**Brief**.
When you reach the line that holds "Consigli per leggere", start copying exactly and keep going through the final line of the data, leaving out pictures.

**Provided data**.
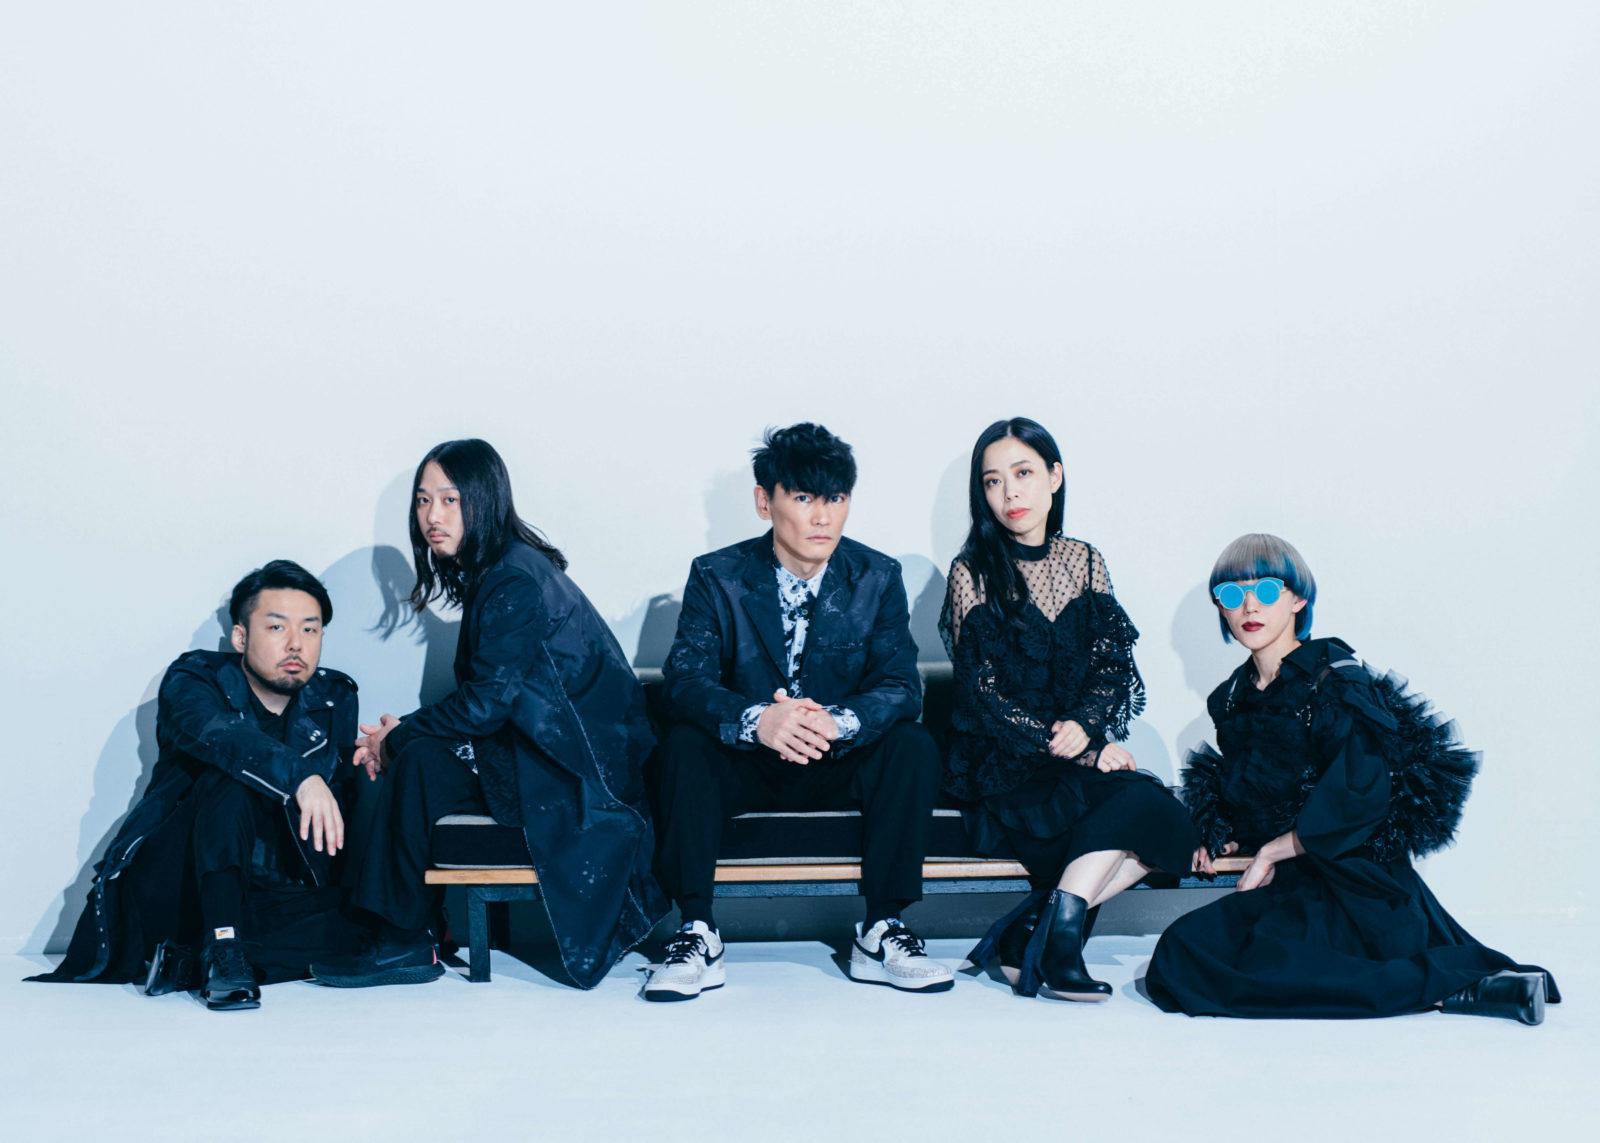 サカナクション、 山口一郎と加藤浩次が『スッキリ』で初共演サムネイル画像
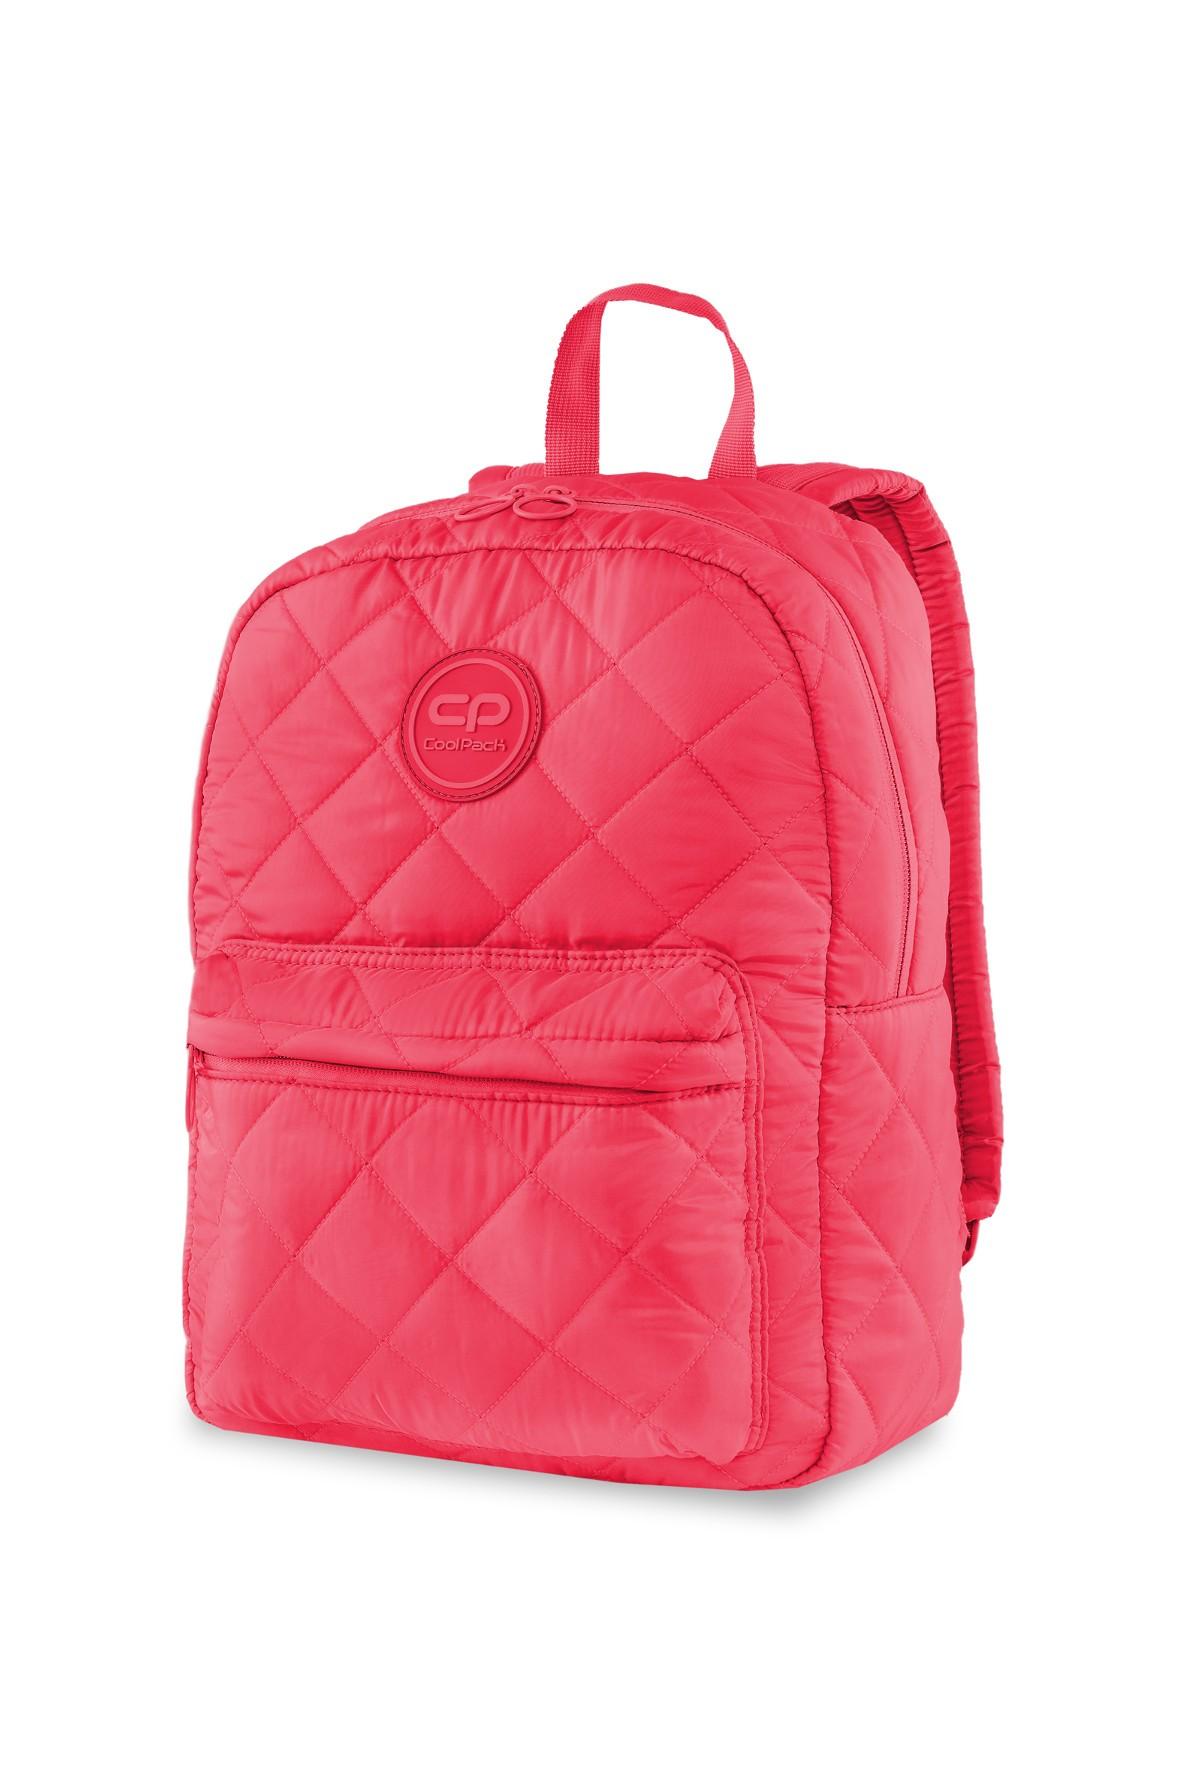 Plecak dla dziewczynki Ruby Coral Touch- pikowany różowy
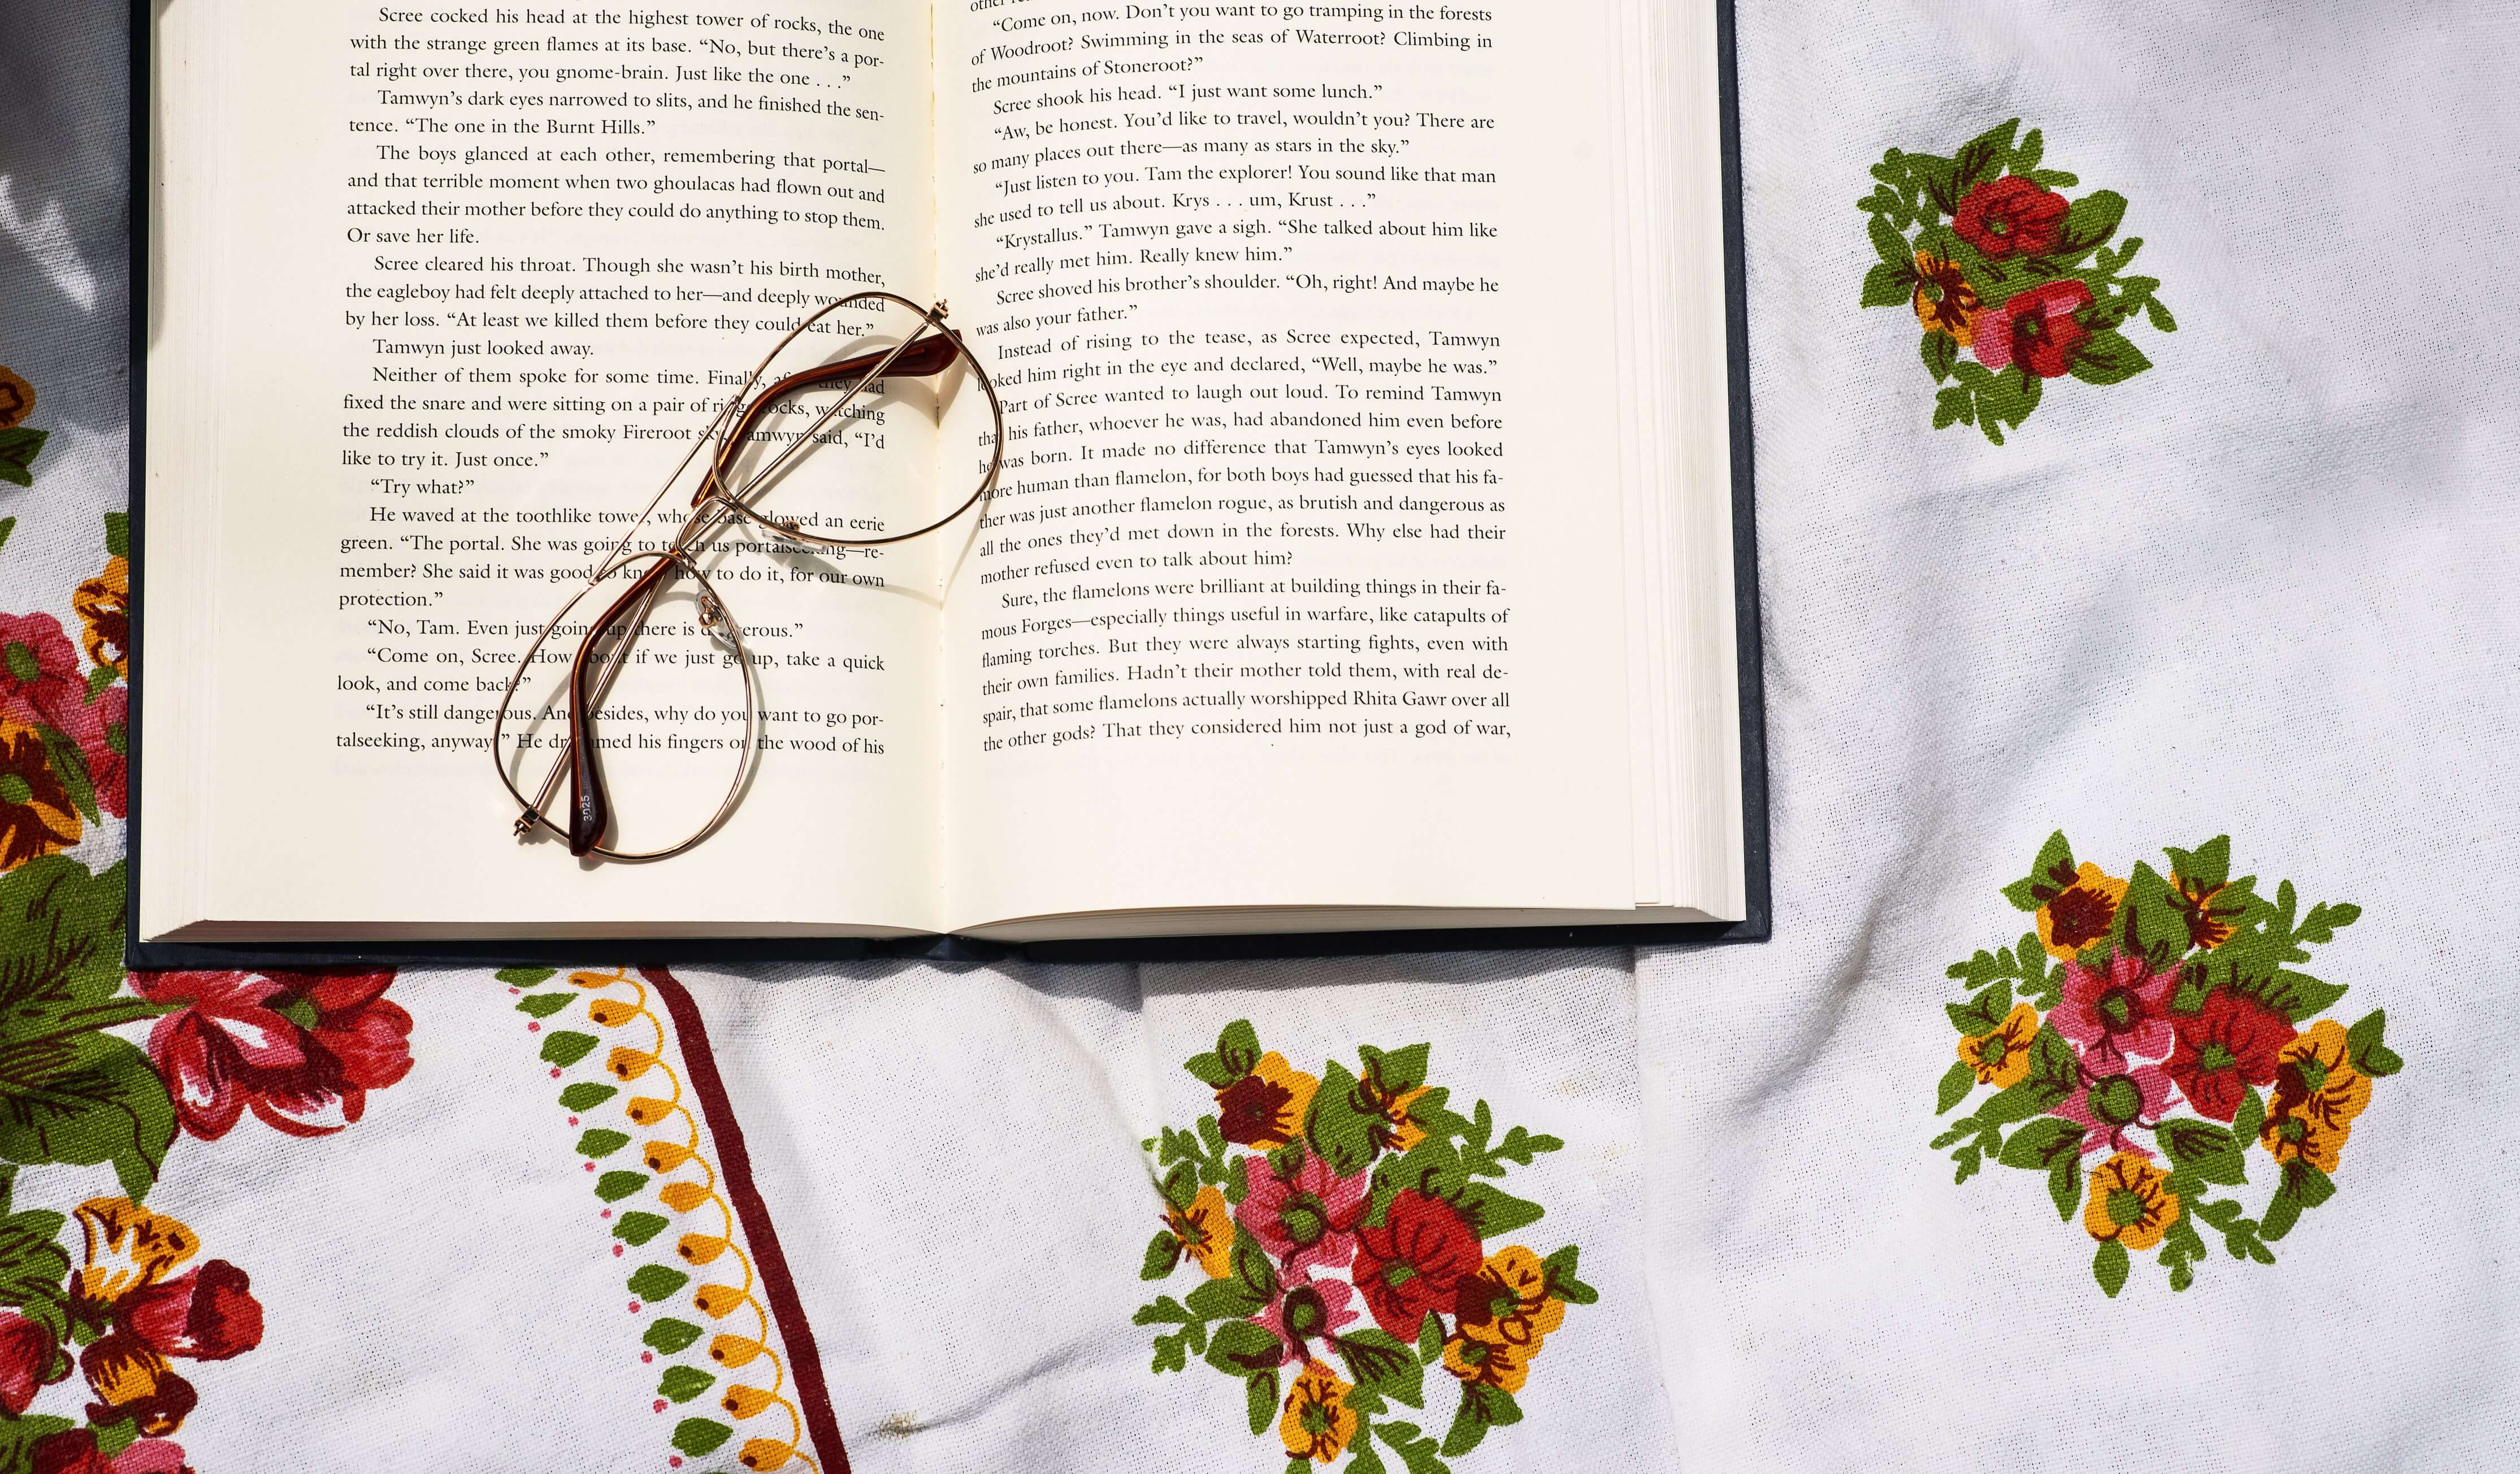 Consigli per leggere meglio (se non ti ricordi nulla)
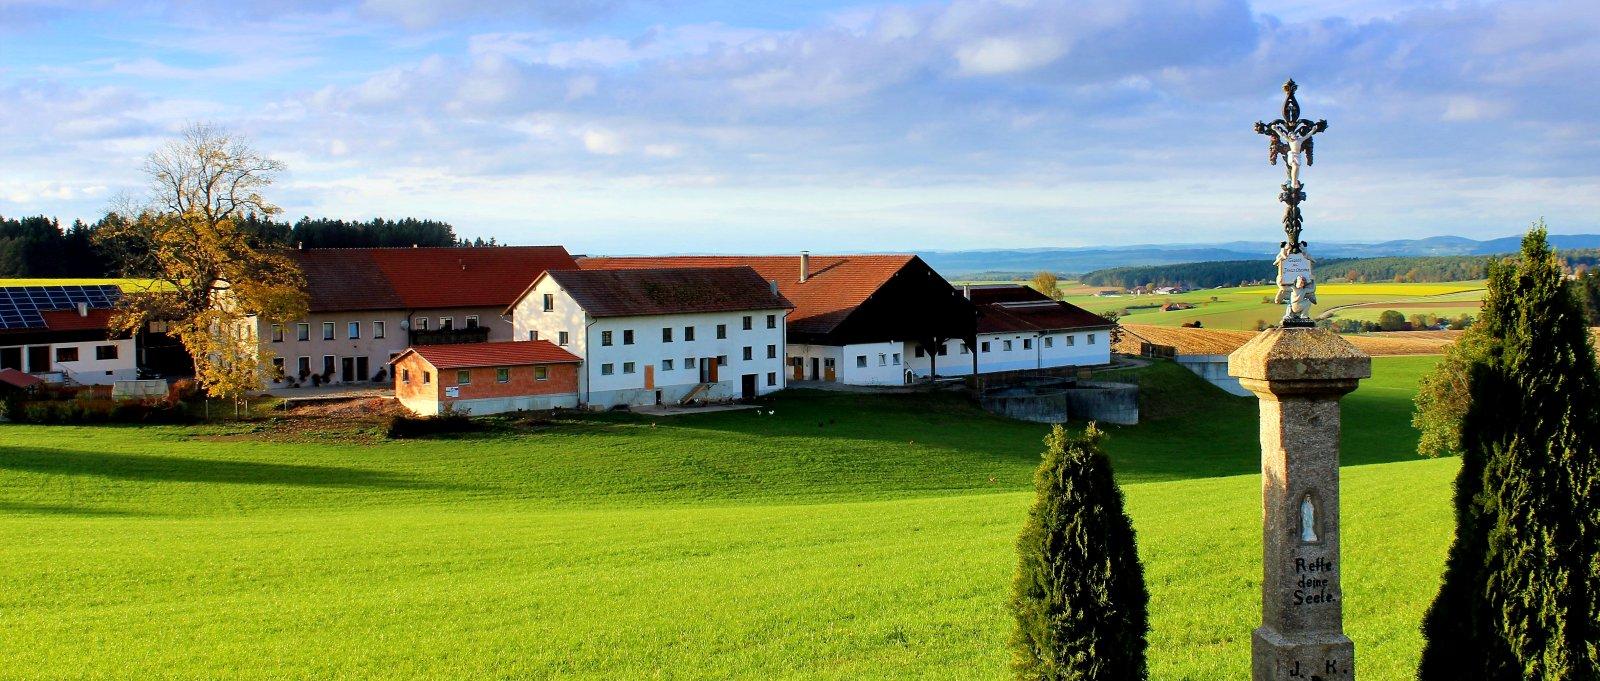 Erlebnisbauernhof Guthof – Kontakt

**Answer for the task**.
 Consigli per leggere meglio (se non ti ricordi nulla)
 Erlebnisbauernhof Guthof – Kontakt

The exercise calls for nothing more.